If people can still believe that a woman is a 'whore' because she dresses in a revealing way, still think behaving in a 'sexy' way displays a lack of self-respect then clearly equality is still a way off.
It angers me that regardless of how intelligent I am, of how hard-working or funny or witty, that I am still demeaned - that I am still treated as a sexual object.
From what I understand, maybe this perception is wrong, the Muslim faith has women cover their bodies to 'protect them' from the lustful gazes of men. To me that just seems illogical. If these men are unable to control themselves then they should cover their eyes. They should confront themselves as to why they are unable to view attractive women as equal, thoughtful beings. Self-improvement is a pretty vital concept of any religion, people are meant to cultivate higher thoughts and purer personalities. Why would women have to cover themselves up, instead of men learning to deal with their animalistic desires. There have been comments about how wearing few clothes is a signpoint of barbarity, but a man who is still so deeply subject to his base desires is far closer to a beast, in my opinion. Just to be clear, I understand these kind of principles aren't isolated to the Islamic faith alone, I just chose it as an example as it has been mentioned several times.
To summarise, yes, I want legal equality in terms of my rights and my job opportunities. But I want more than that. I want to recieve the same respect that a man would give any fellow man. I don't think that is so ridiculous. I want to feel safe. I want to wear clothes that I think look nice, regardless of how they might look to others, without being labelled as a slut. And you know what, I want to be as sexually promiscious as I damn well please because frankly it is no other individuals business but my own. When I get married, I expect my partner to pull his weight in the rearing of our children and household work, and to never expect me to check my own career ambitions. And if things don't work out and we make each other unhappy, then I don't want to be trapped in a depressing relationship for the rest of my life simply because some people believe I have a duty to sacrifice all my own hopes, dreams and happiness for the sake of others. As the child of divorced parents I wouldn't wish them back together for all the world, I want them to be happy and they couldn't do that when they were together. I understand that there are ingrained, biological roles that women are bound to play, but my entire being revolts against the idea of being told by any what I should do or wear, or who I should be.

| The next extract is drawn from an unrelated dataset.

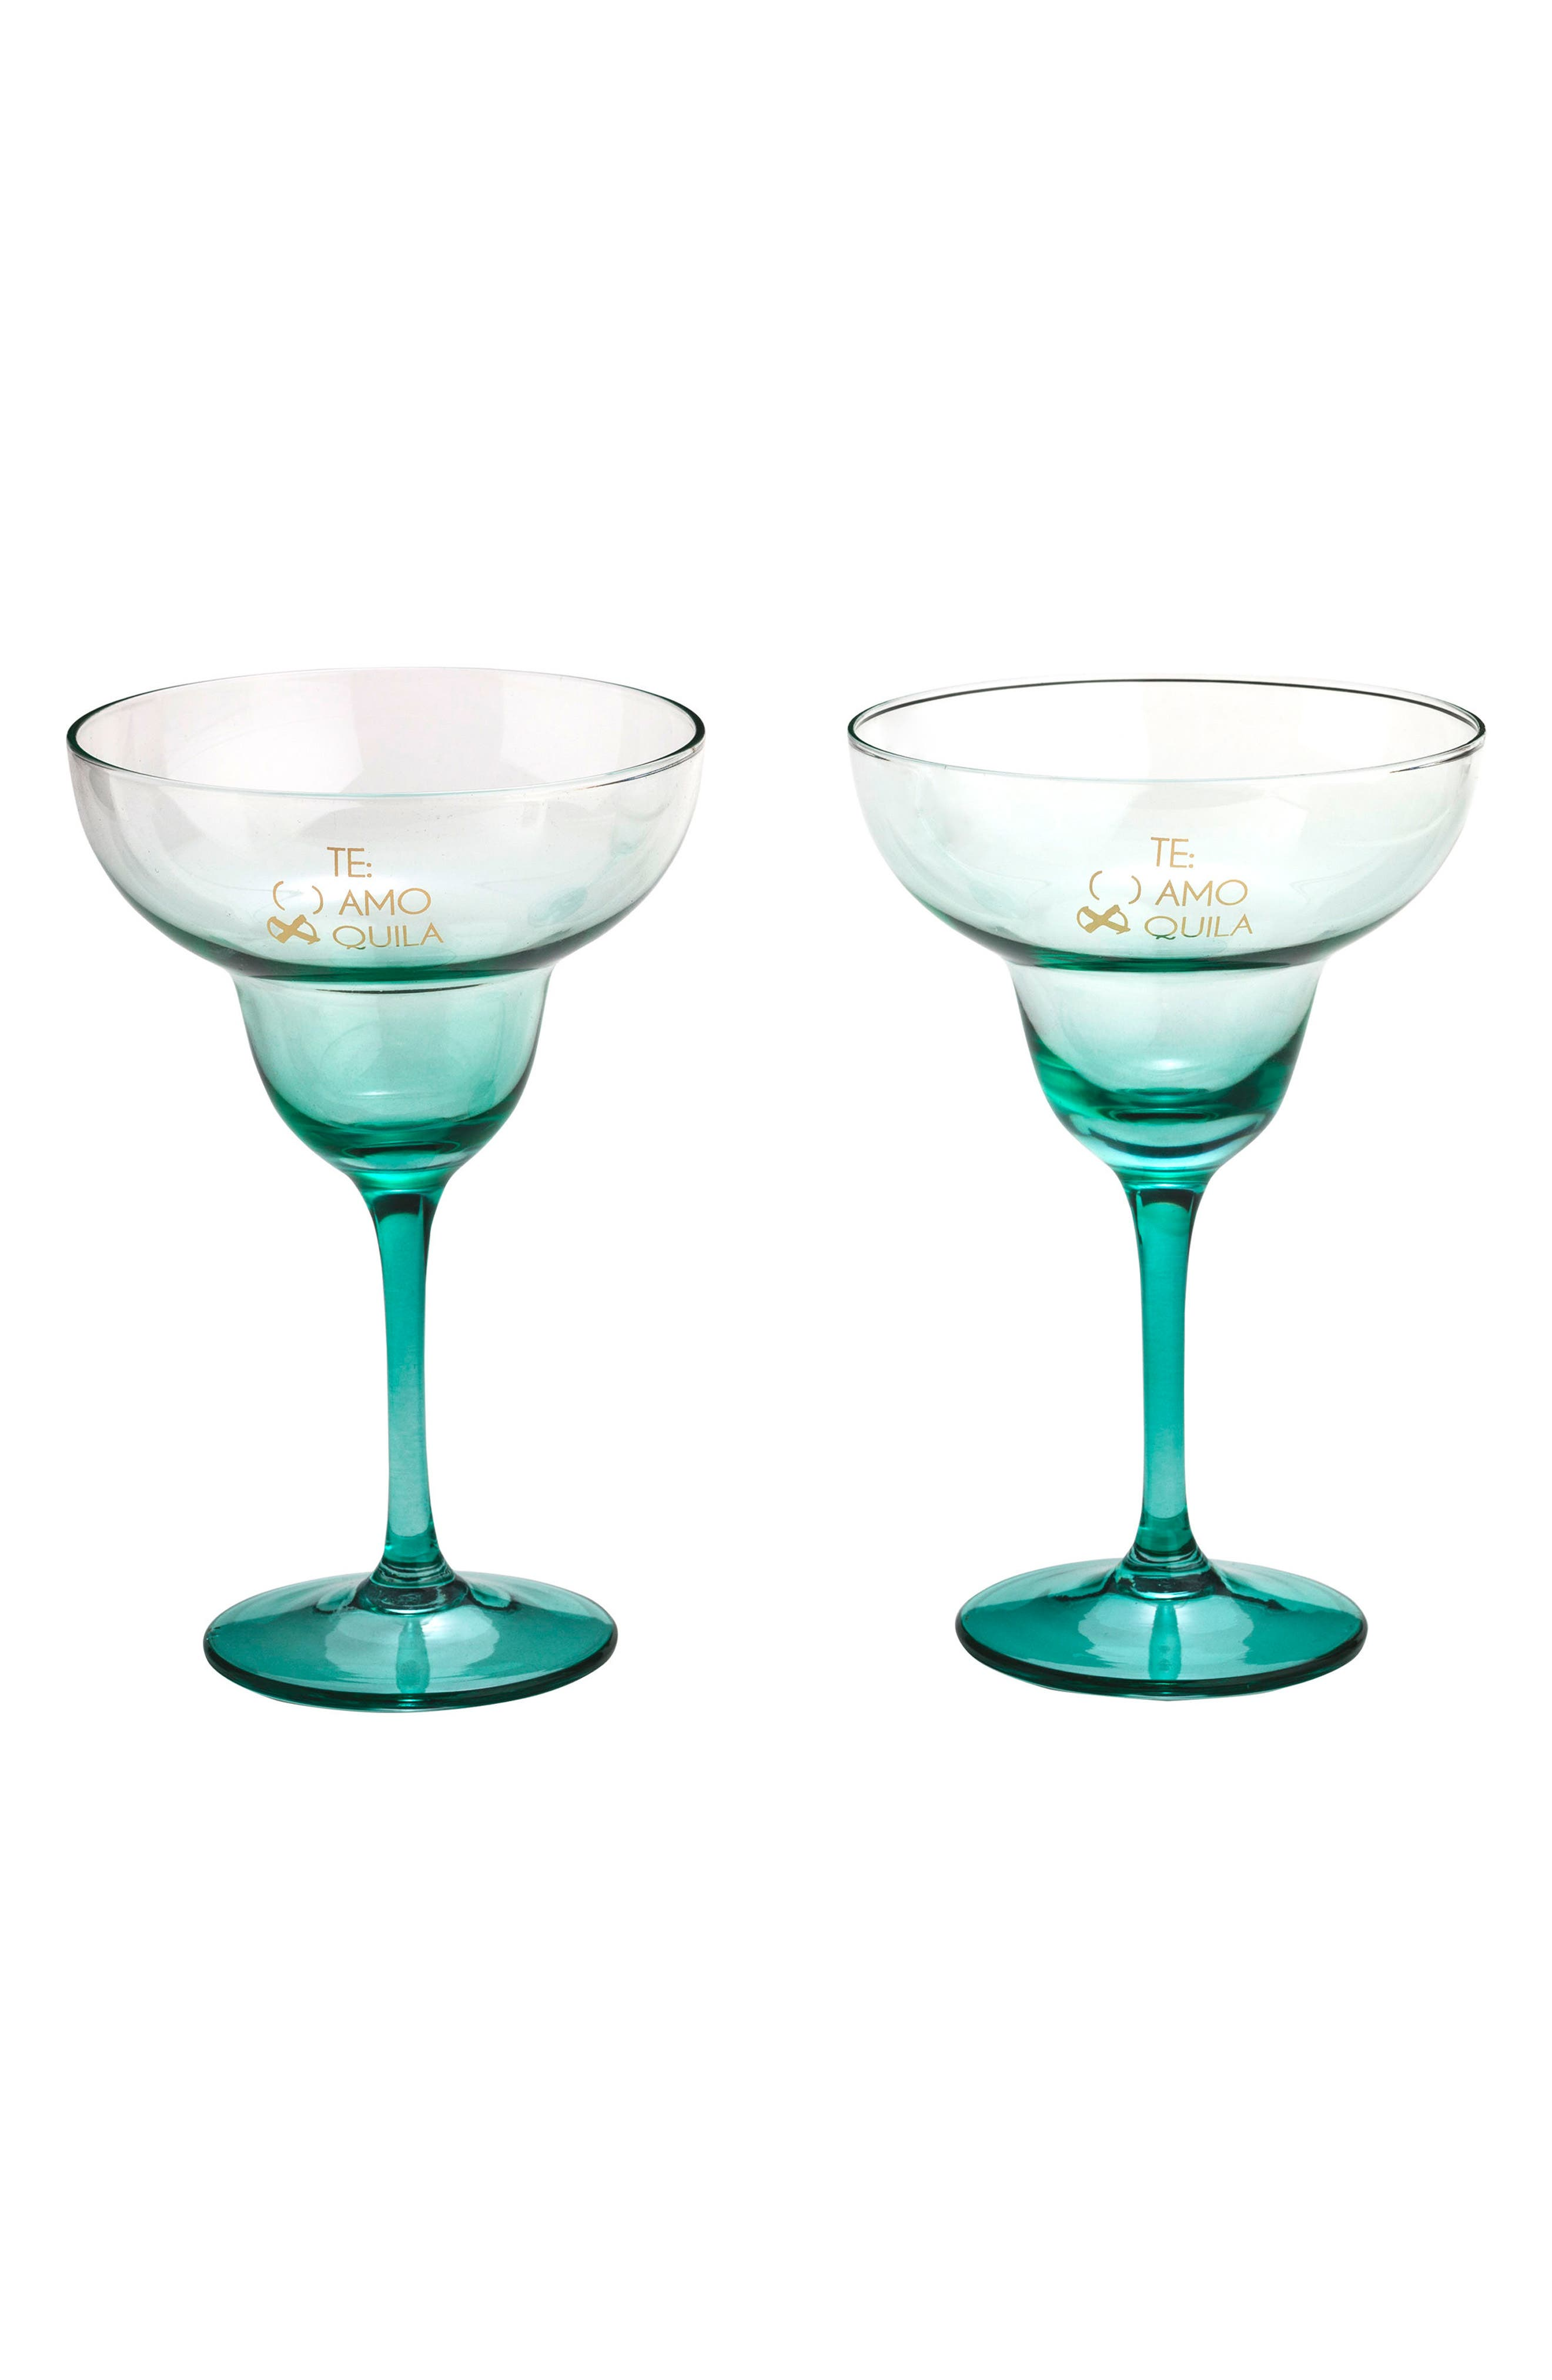 Te Amo x Quila Set of 2 Margarita Glasses,                             Main thumbnail 1, color,                             Glass/ Gold
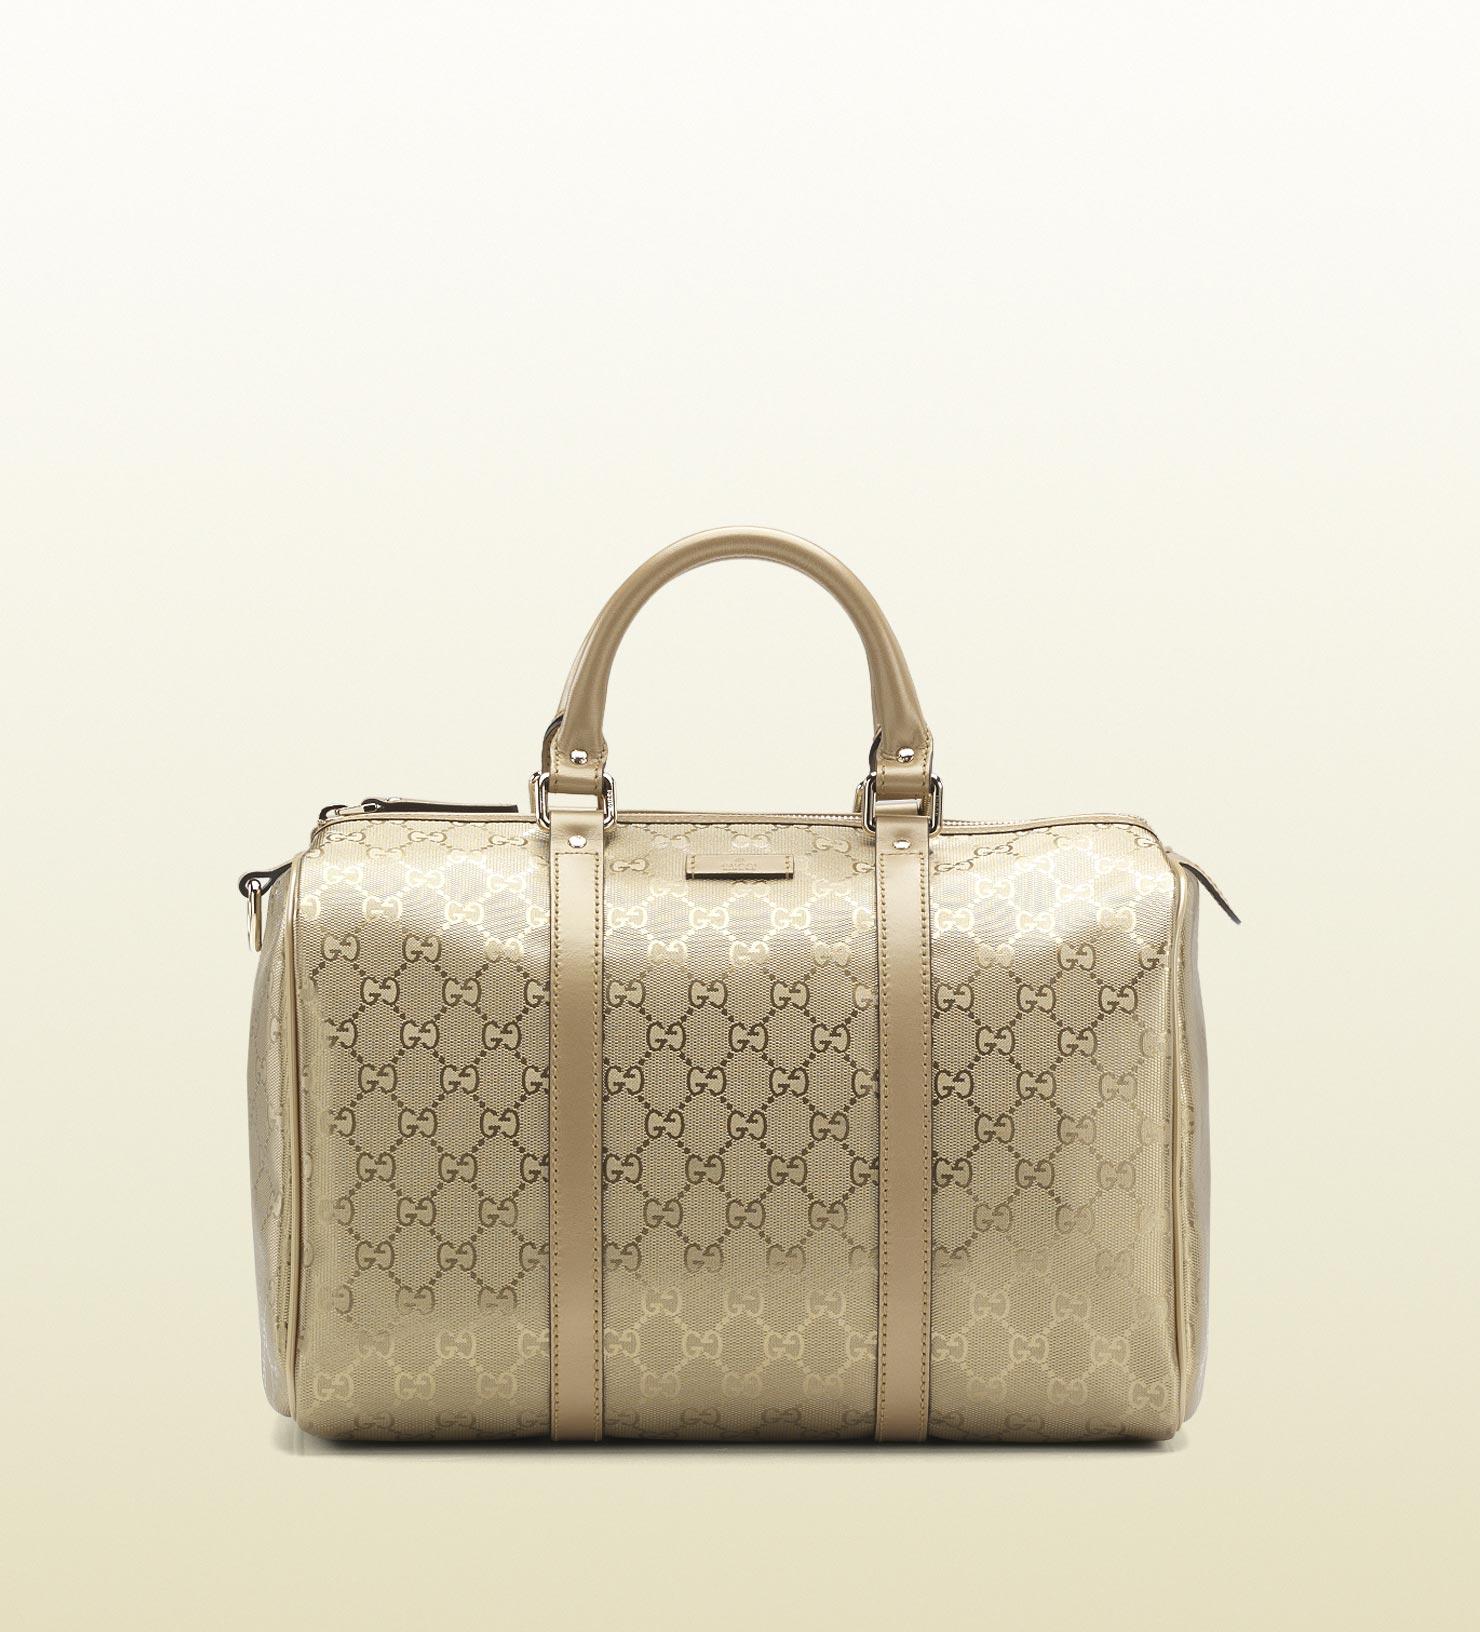 3bdccf9fb07d Gucci Joy Boston Bag in Metallic - Lyst

As a woman I shouldn't have to fit myself around men's perceptions of me, of how men want me to behave, because that does not make us equals. In summary, in response to those comments made by (for example, saviour) what puts you in such an enlightened position as a man to tell me to shape my entire being around what you expect of a 'respectable' woman? Frankly, it just makes me contemptuous of anybody who could believe that. You look down on women who dress too 'sexy'? I look down on imbeciles who would judge a person on something so superficial.